For the first quarter of 2015, the Corporation's annualized return on average common equity (ROE) and return on average assets (ROA) were 8.52 percent and 0.79 percent, respectively, compared to 9.96 percent ROE and 0.88 percent ROA for the first quarter of 2014. The decline in both ROE and ROA for the first quarter of 2015 resulted from lower net income for the first quarter of 2015 as compared to the first quarter of 2014. The decline in ROE during the first quarter of 2015 was also affected by internal capital growth of 5.9 percent since March 31, 2014 resulting primarily from earnings and an increase in unrealized gains in the Corporation's investment securities portfolio, which is a component of accumulated other comprehensive income. The decline in ROA during the first quarter of 2015 was also affected by a 1.85 percent growth in average assets since March 31, 2014.

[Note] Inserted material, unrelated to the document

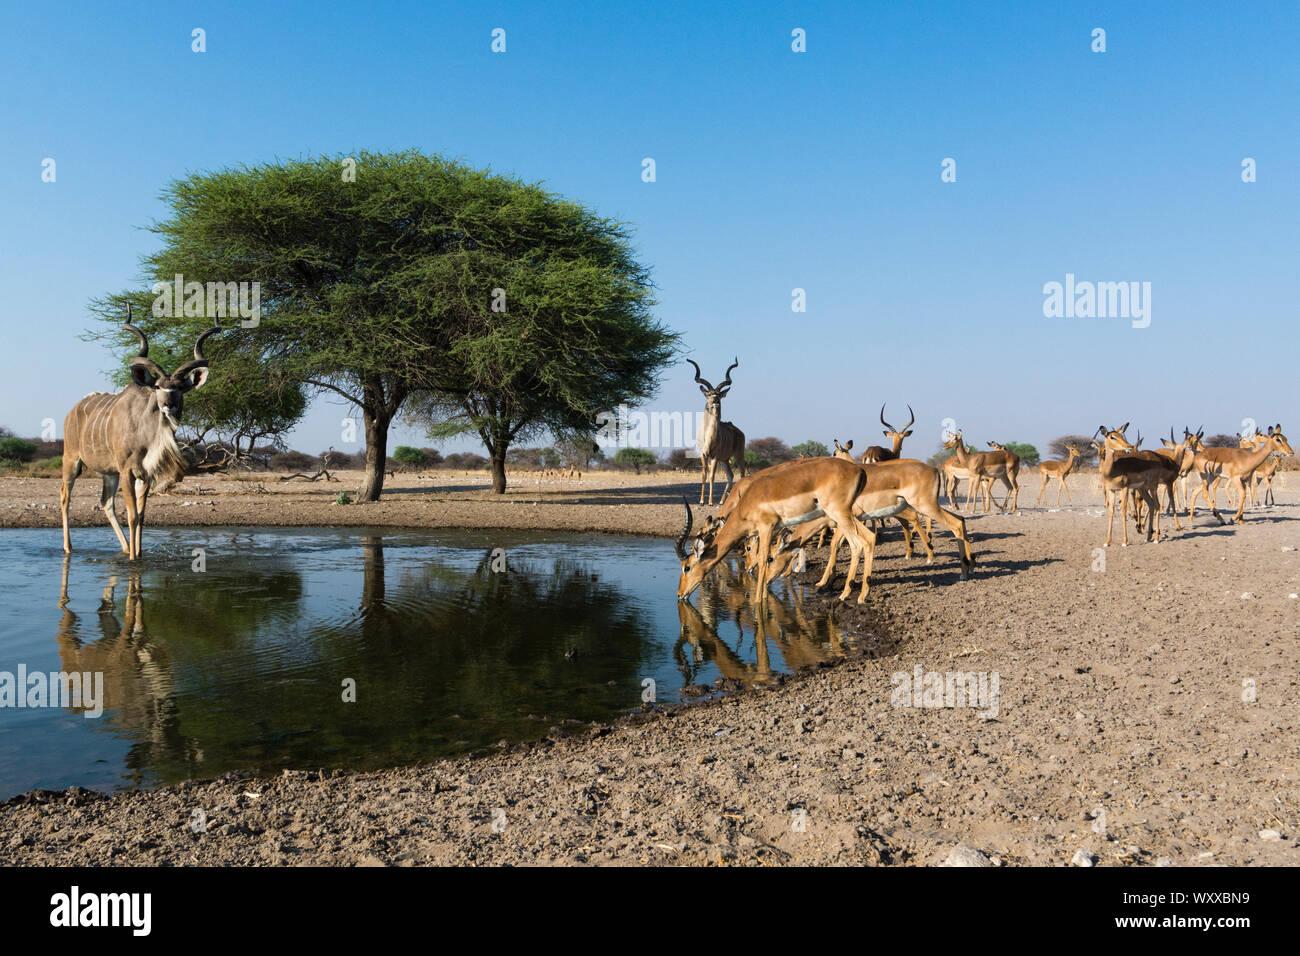 Remote camera image of greater kudus (Tragelaphus strepsiceros) and Impalas (Aepyceros melampus) at waterhole, Kalahari, Botswana Stock Photo
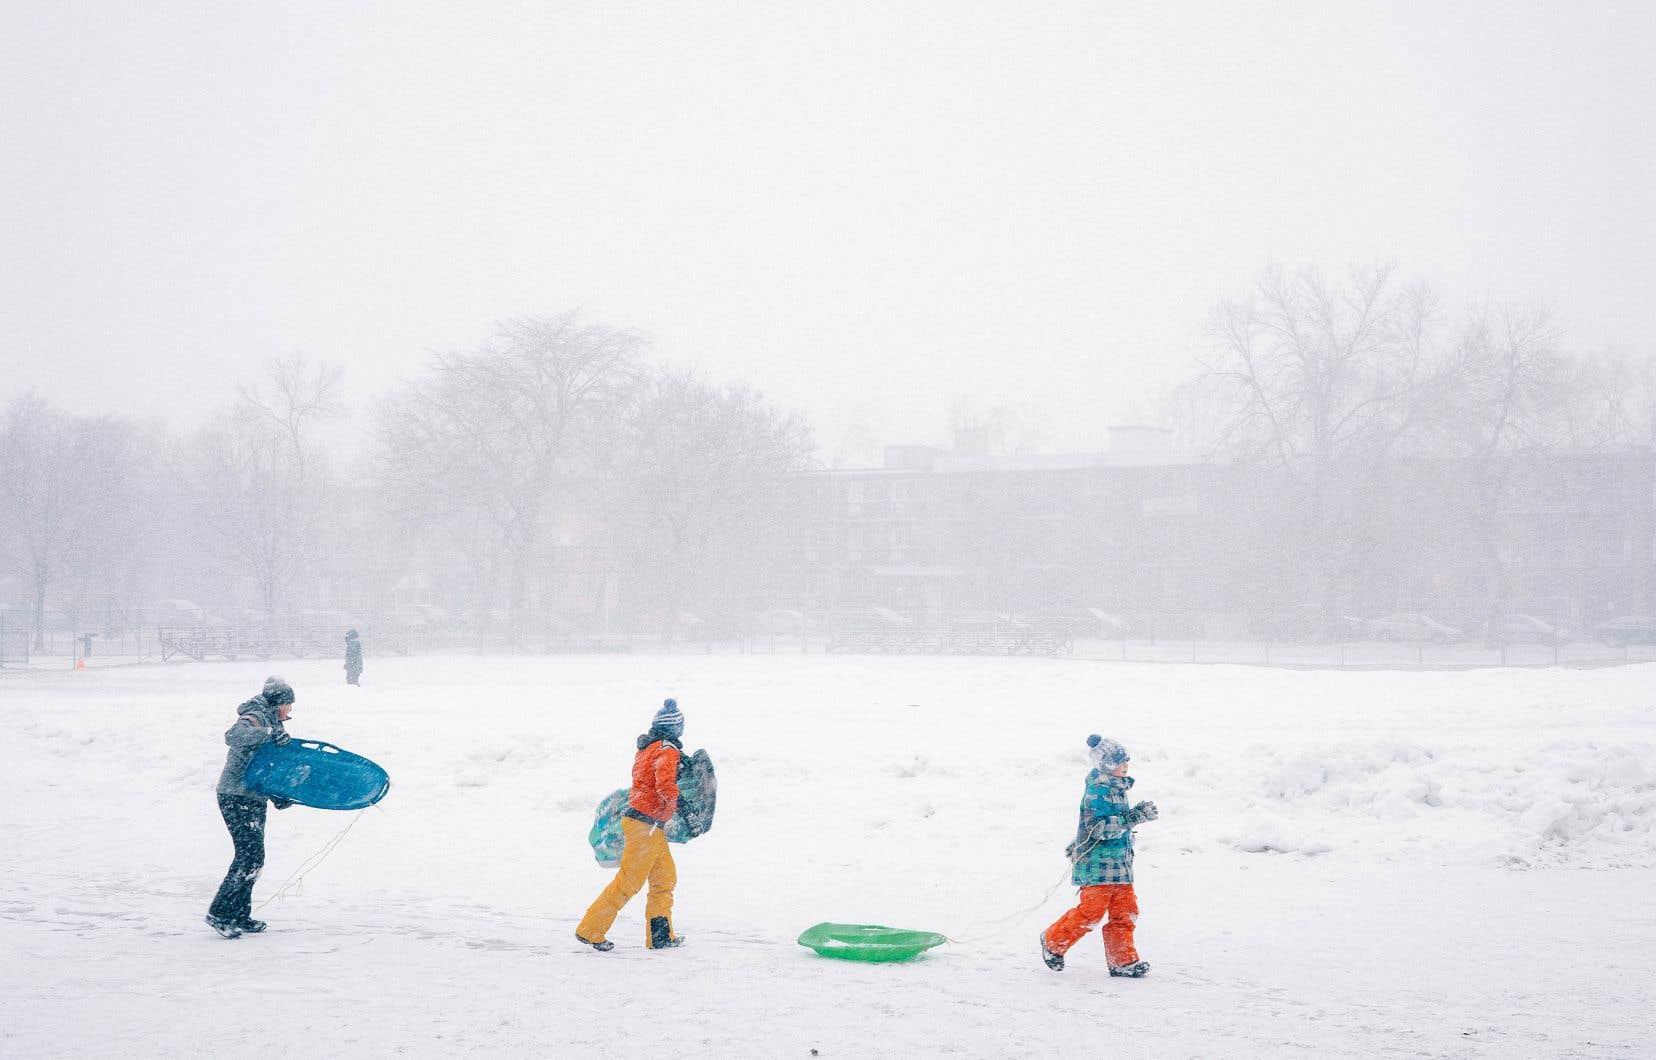 La neige a tardé à venir cette année. Pendant cette tempête du 30 décembre 2020, les gens se sont rués vers les glissades du parc Pelican et Lafond dans le quartier Rosemont.

"We are pleased to report net income of $2.6 million for the first quarter of 2015," said Larry Dillon, Chairman and Chief Executive Officer of C&F Financial Corporation. "Earnings at both the retail banking and mortgage banking segments increased but were offset by an earnings decrease at our consumer finance segment. Growth in earning assets, and specifically loan growth in the retail banking segment, is one of our primary goals for 2015. Average loans in the retail banking segment increased $16.3 million, or 12 percent annualized, for the first quarter of 2015 over the first quarter of 2014. Earnings at our mortgage banking segment improved due to favorable interest rate fluctuations that contributed to an increase in loan origination volume during the first quarter of 2015, compared to the same period of 2014. Earnings at our consumer finance segment continue to be negatively affected by industry-wide factors as discussed below."

"Despite the decline in net income compared to the first quarter of 2014, we are pleased with the progress we are making toward achieving our 2015 loan growth goal at the retail banking segment," said Tom Cherry, President and Chief Financial Officer of C&F Financial Corporation. "Loan growth and yield at our consumer finance segment continue to be adversely affected by industry competition and the loan pricing strategies of our competitors. Although earnings increased slightly at our mortgage banking segment, maintaining profitability of this segment at current origination levels is challenging due to the fixed costs associated with the systems and infrastructure required to support our mortgage banking activities. Our goal is to increase origination volume at the mortgage banking segment through internal growth in existing markets and through strategic initiatives. We continue to maintain strong capital and cash positions, and believe that we are well-positioned for growth in earning assets and other strategic opportunities that may present themselves."

Retail Banking Segment. C&F Bank reported net income of $1.2 million for the first quarter of 2015, compared to net income of $984,000 for the first quarter of 2014. The improvement in net income of the retail banking segment for the quarter ended March 31, 2015 resulted from (1) the effects of the continued low interest rate environment on the cost of deposits and (2) reduced insurance, professional fees, and data processing expenses now that Central Virginia Bank (CVB) is fully integrated into the Bank's infrastructure and cost savings are being recognized. Partially offsetting these positive factors were the effects of (1) a decline in the yield on the Bank's investment portfolio due to the purchase of lower-yielding, shorter-term securities in order to limit exposure to a potential rising interest rate environment, (2) a decline in the yields on the Bank's loan portfolio due to the continued low interest rate environment, and (3) higher personnel costs due to increased staff levels and support positions associated with the addition of commercial loan personnel focused on growing the segment's commercial and small business loan portfolios.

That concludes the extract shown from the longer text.